Data for this exercise
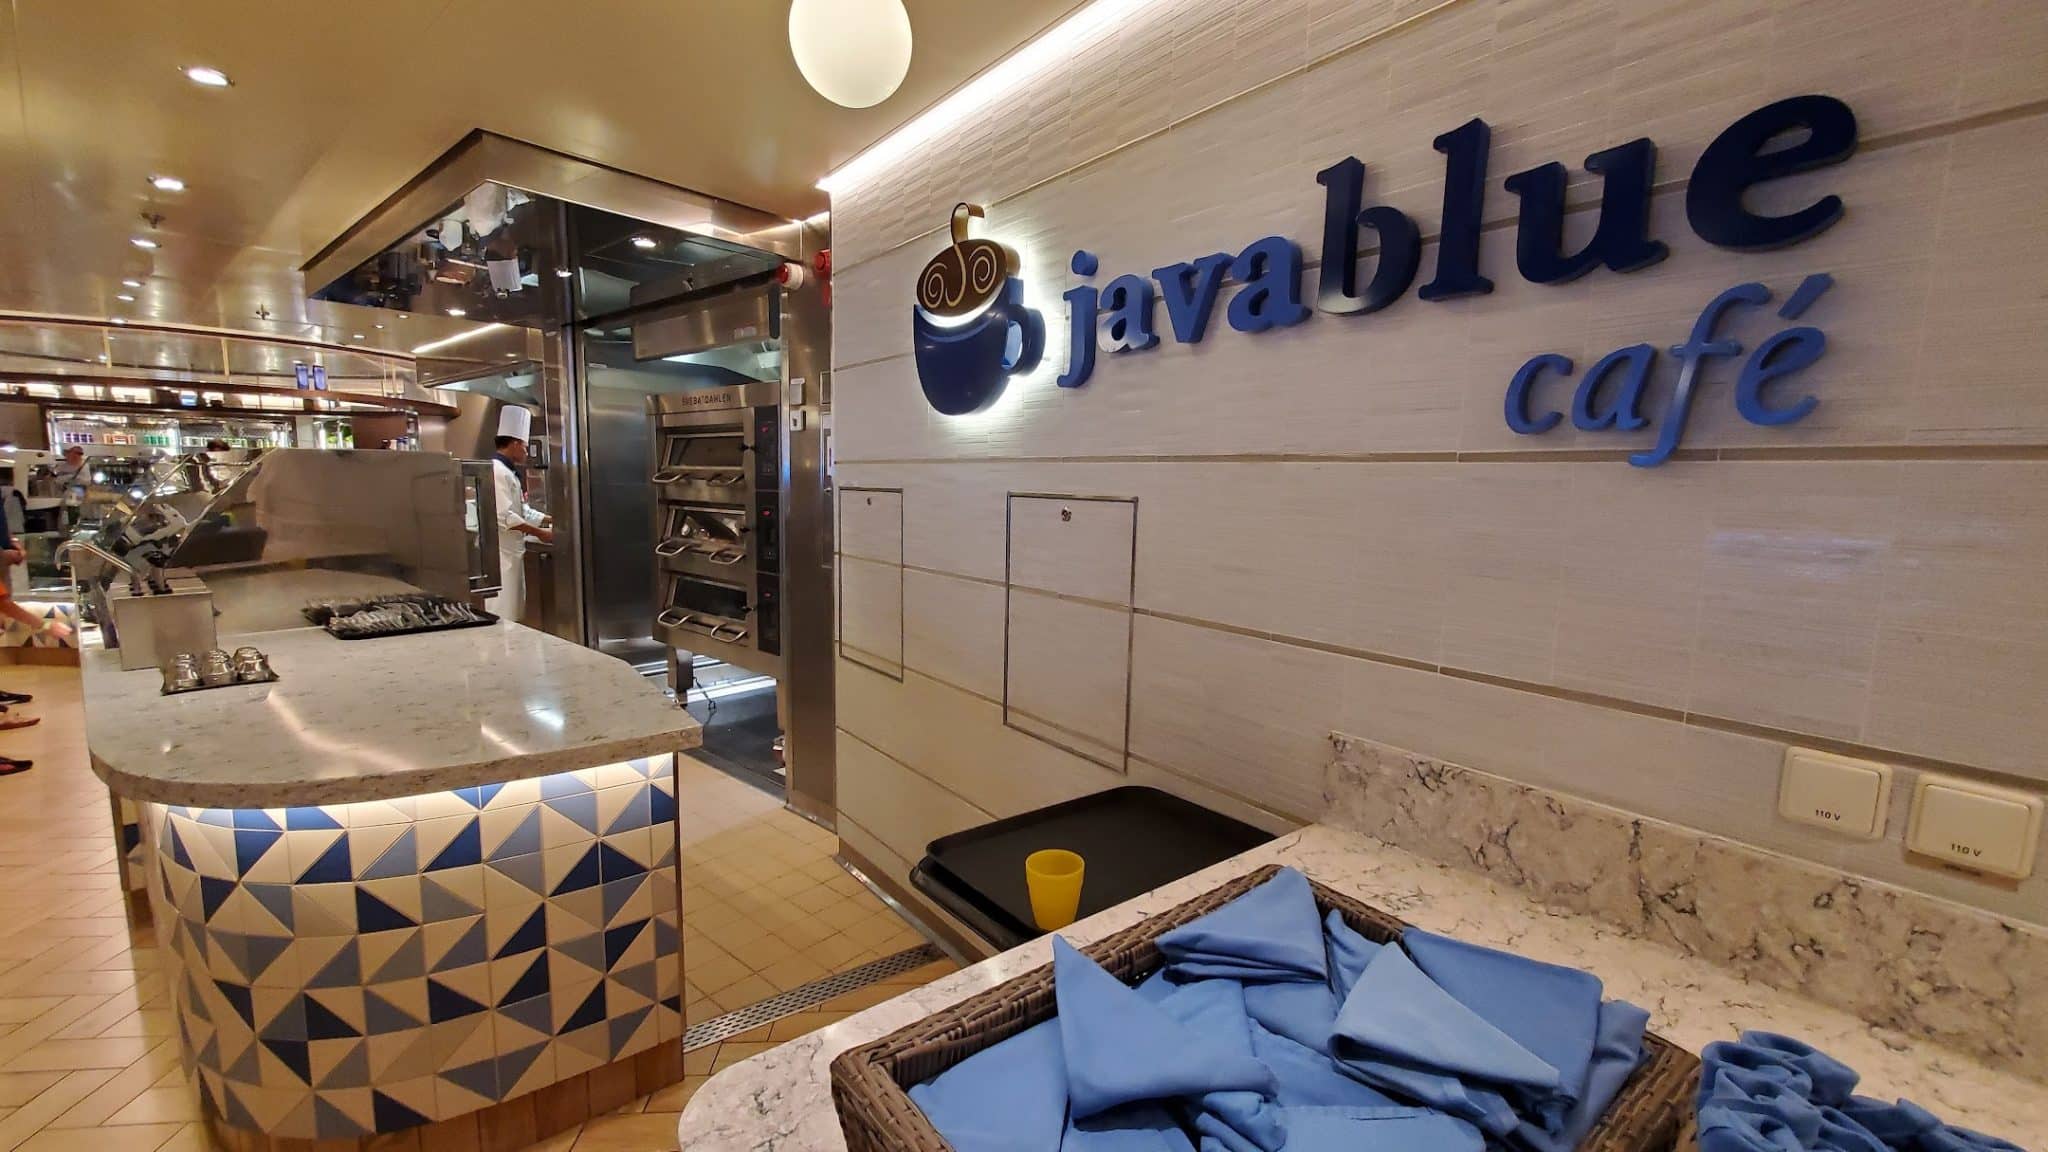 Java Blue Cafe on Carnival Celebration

---

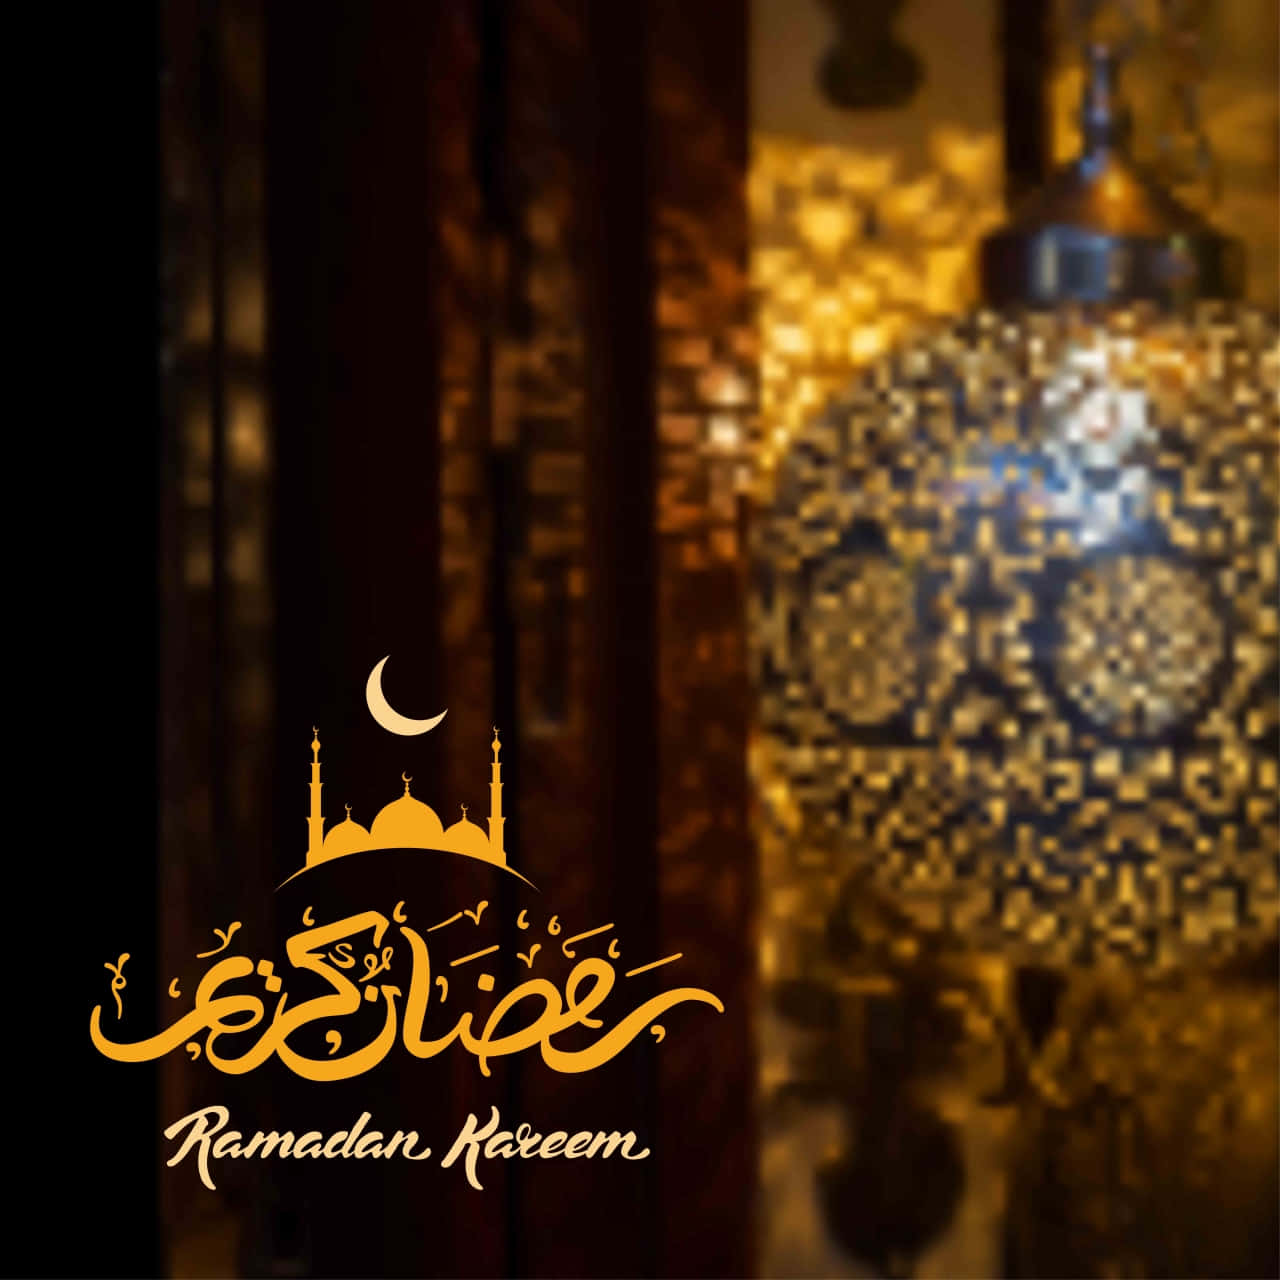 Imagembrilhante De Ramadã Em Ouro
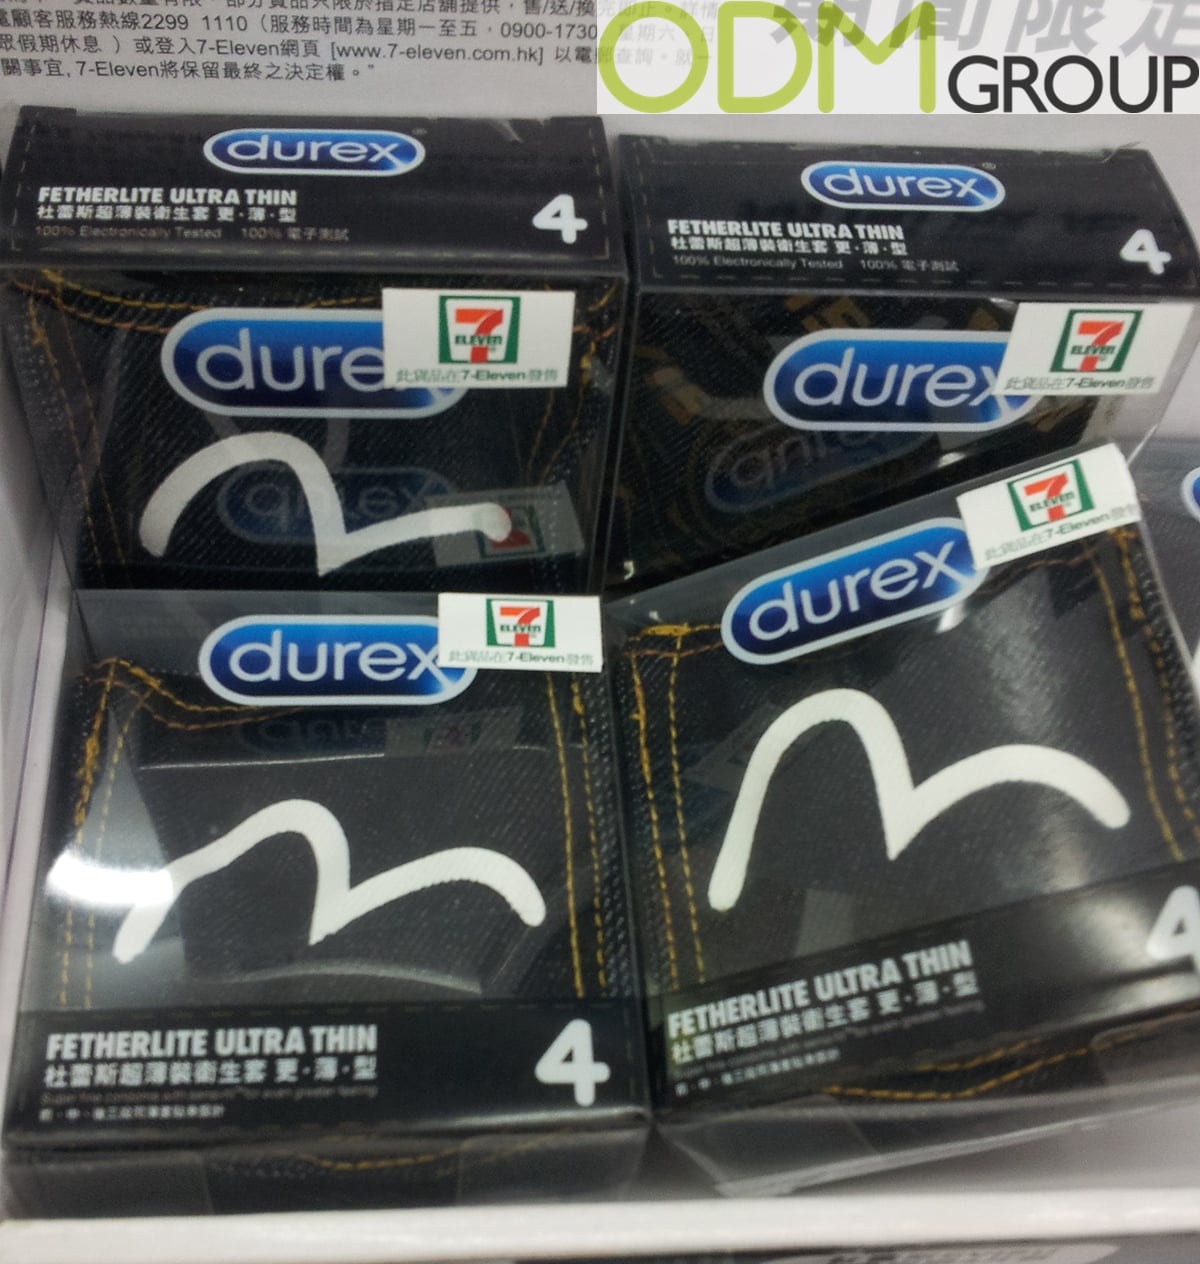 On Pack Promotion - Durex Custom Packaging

About this task
Transcribe the lines above exactly, beginning at the one with "Imagembrilhante De Ramadã Em Ouro" and ending at the one with "On Pack Promotion - Durex Custom Packaging". Include both; exclude the pictures.

Response below
 Imagembrilhante De Ramadã Em Ouro
 On Pack Promotion - Durex Custom Packaging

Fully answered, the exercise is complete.